Sharing life experience
Mintz speaks at Vancouver storytelling festival
by SARA NEWHAM
Dressed in baggy black pants and a white peasant shirt of eastern European origins, Helen Mintz began her storytelling
performance with grand arm gestures, the passion rising in her voice, as she told the tale of a woman storyteller travelling from town to town.
Mintz’s six-story performance took place Feb. 8 at Heritage Hall on Main Street. She regaled the audience with stories of Jewish women.
“This show was really about Jewish women who could be my heroes, on whose path I could follow,” said Mintz following her hour-long performance.
Mintz told the audience that while searching for stories to tell she often comes across two archetypes:
the meek woman unable to stand up for herself and the bold, sassy, daring woman who is often a bother to those
around her and, therefore, unable to accomplish anything.
“[I choose] stories that I love and stories that show strong Jewish women. I want … to paint a portrait of Jewish women that is in sync with the life that I lead,” she said. Mintz explained that part of what she tries to do is look closely at Jewish life in eastern Europe because she feels it was not actually the way people are led to believe it was. She said that while there were a lot of problems, Jews had more contact with non-Jews than she had initially thought was the case.
“Some of those relations were really bad but some of them were not and I think it’s important to show the diversity,” she said.
Her performance blended the Jewish tradition of storytelling with dramatics and costume that gave the stories a sense of time and place. Mintz began, coincidentally, with The Storyteller, excerpted and adapted from a traditional Chassidic folktale in The Legend of the Baal-Shem by Martin Buber, before telling the story Stotsl is Coming, about a
group of women who decided to act to change their circumstances after a discussion about how much work they did compared to their husbands.
Mintz then recited the English version of a Yiddish poem by Rachel Korn before telling the tale of a lesbian woman in Beyond the Pale by Elana Dykewomon.
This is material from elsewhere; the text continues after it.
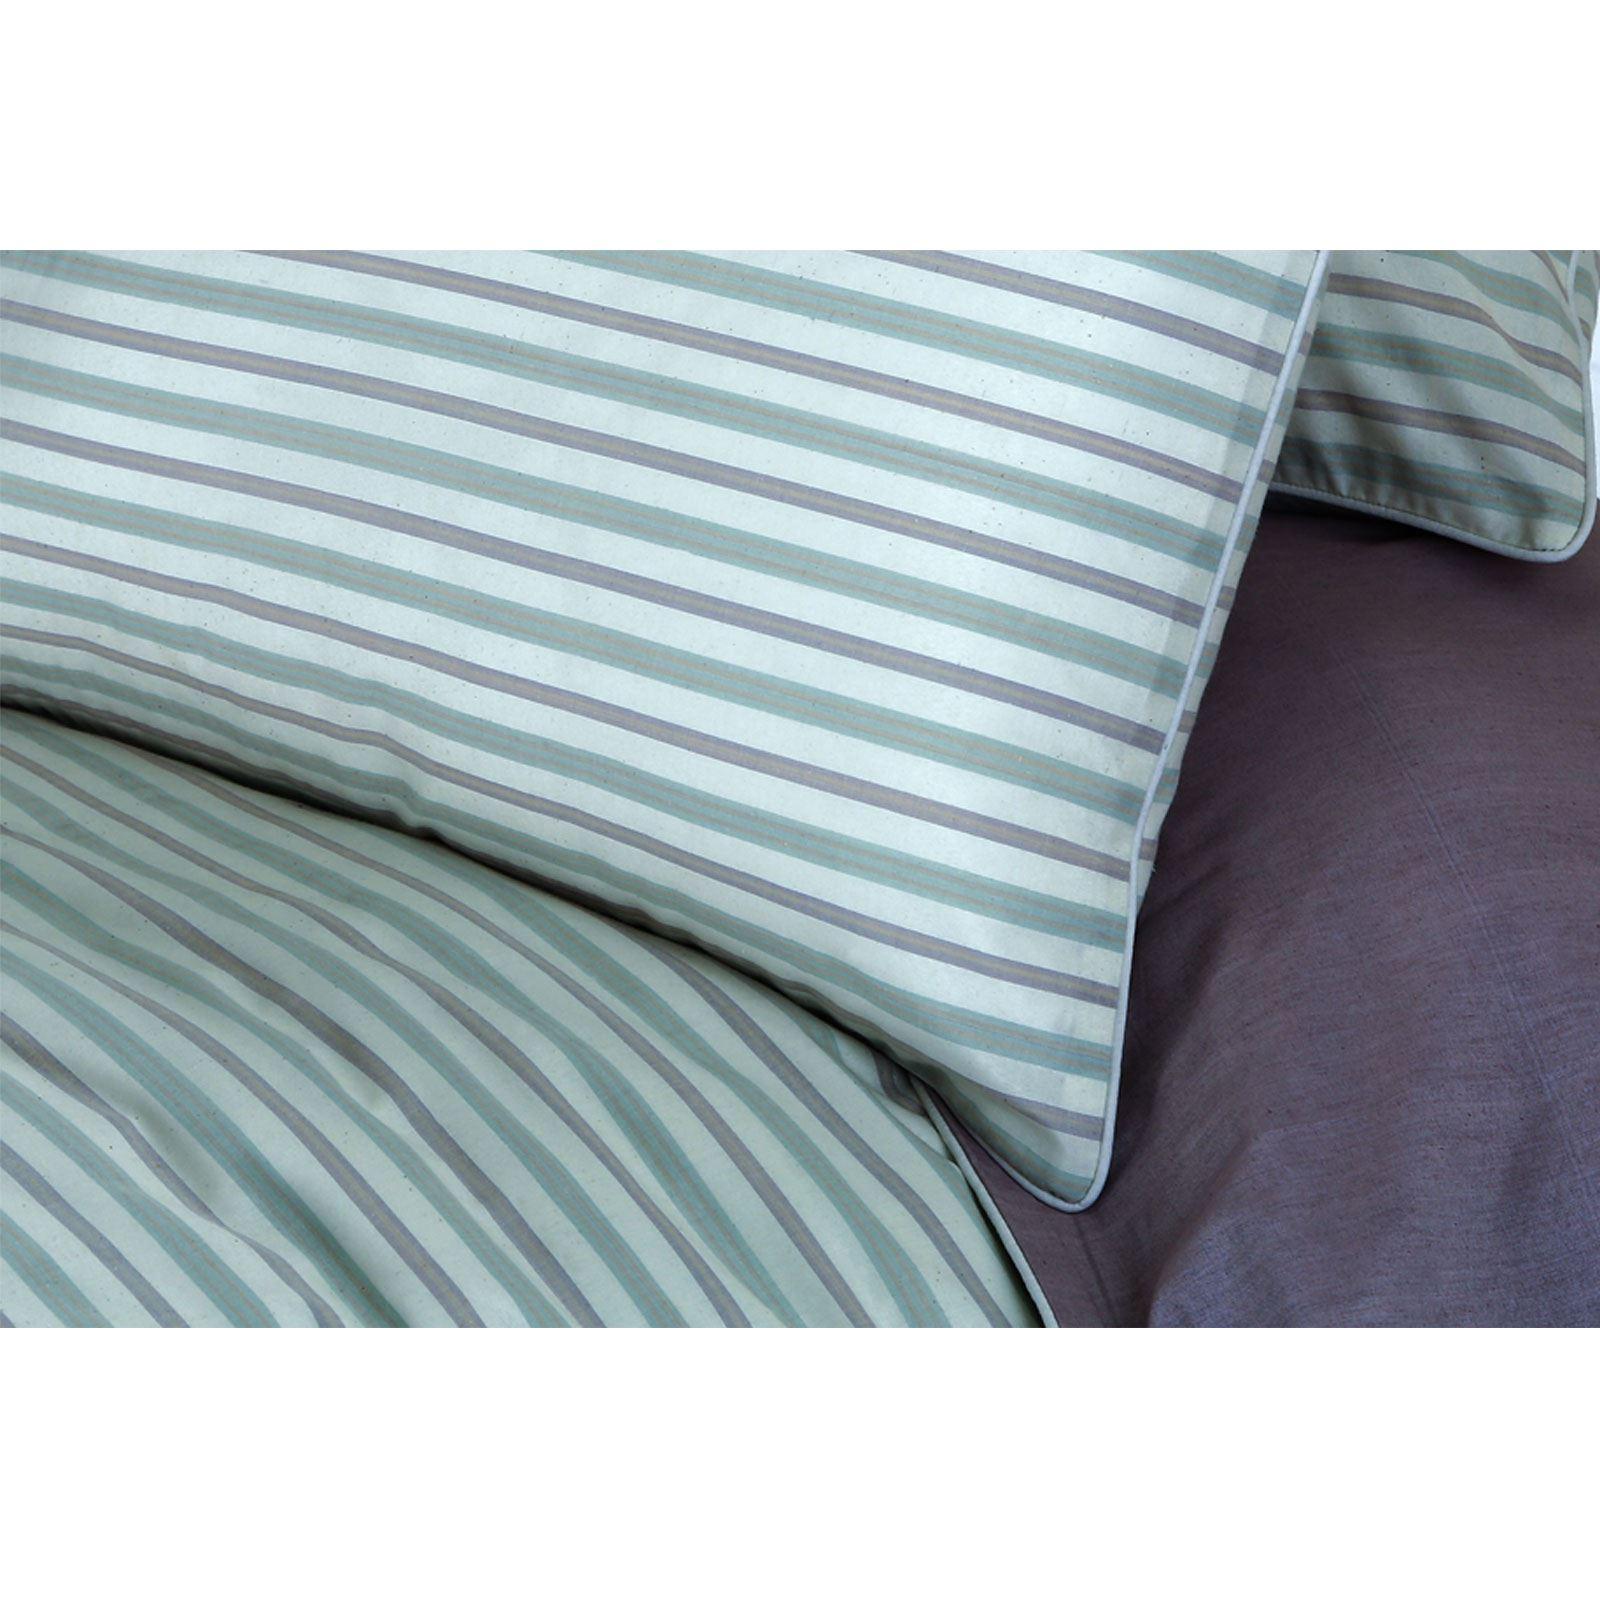 Hilo-de-algodon-de-lujo-Rico-Suave-Chambray-tenido-de-Cubierta-de-edredon-a-rayas-de-tejido-a-rayas miniatura 9

“I thought it was very well rounded,” said Pat Mahoney, who watched Mintz’s presentation. “She covered a lot of issues that women are passionate about – nonviolence, equal rights and respect for sexual orientation – and she’s a wonderful storyteller.”
Mahoney was also moved by Mintz’s telling of Lena Doesn’t Live Here Anymore, about the effect of the Israeli policy of house demolitions on a Palestinian family. The story showed how such a policy affects the psyche of a family and a
community when a home is taken down several times after attempts to rebuild it.
“It was incredibly moving just the way she was able to express the experience of those people from the inside and what it would be like to have your home demolished and trampled upon over and over and over again,” said Lisa St. Cyr.
Mintz explained that she chose that story because she supports the work of the Israeli Coalition Against House Demolitions and other peace workers in Israel. “I’ve tried for a long time to figure out how I, as a Canadian Jew, could talk about this issue, and eventually I came to feeling that what I can do is support people there whose work I want to support.”
Mintz ended her performance with a poem, “Kindness,” told in English and Yiddish and written by Naomi Shihab Nye, which gave the audience a sense of hope and peacefulness.
“She’s not overdramatic. She seems very grounded and present in her body and definitely you can feel that she has a lot of genuine compassion for those people and [is] able to tell their story quite authentically,” said St. Cyr.
Mintz, who has been storytelling since 1992, explained that she memorizes the words of the stories that have authors, but will adapt the folktales. She has told stories to adults and children in Canada, the United States, Germany and Lithuania and will be teaching a storytelling class at Langara College until April 7.
Sara Newham is a Vancouver freelance writer.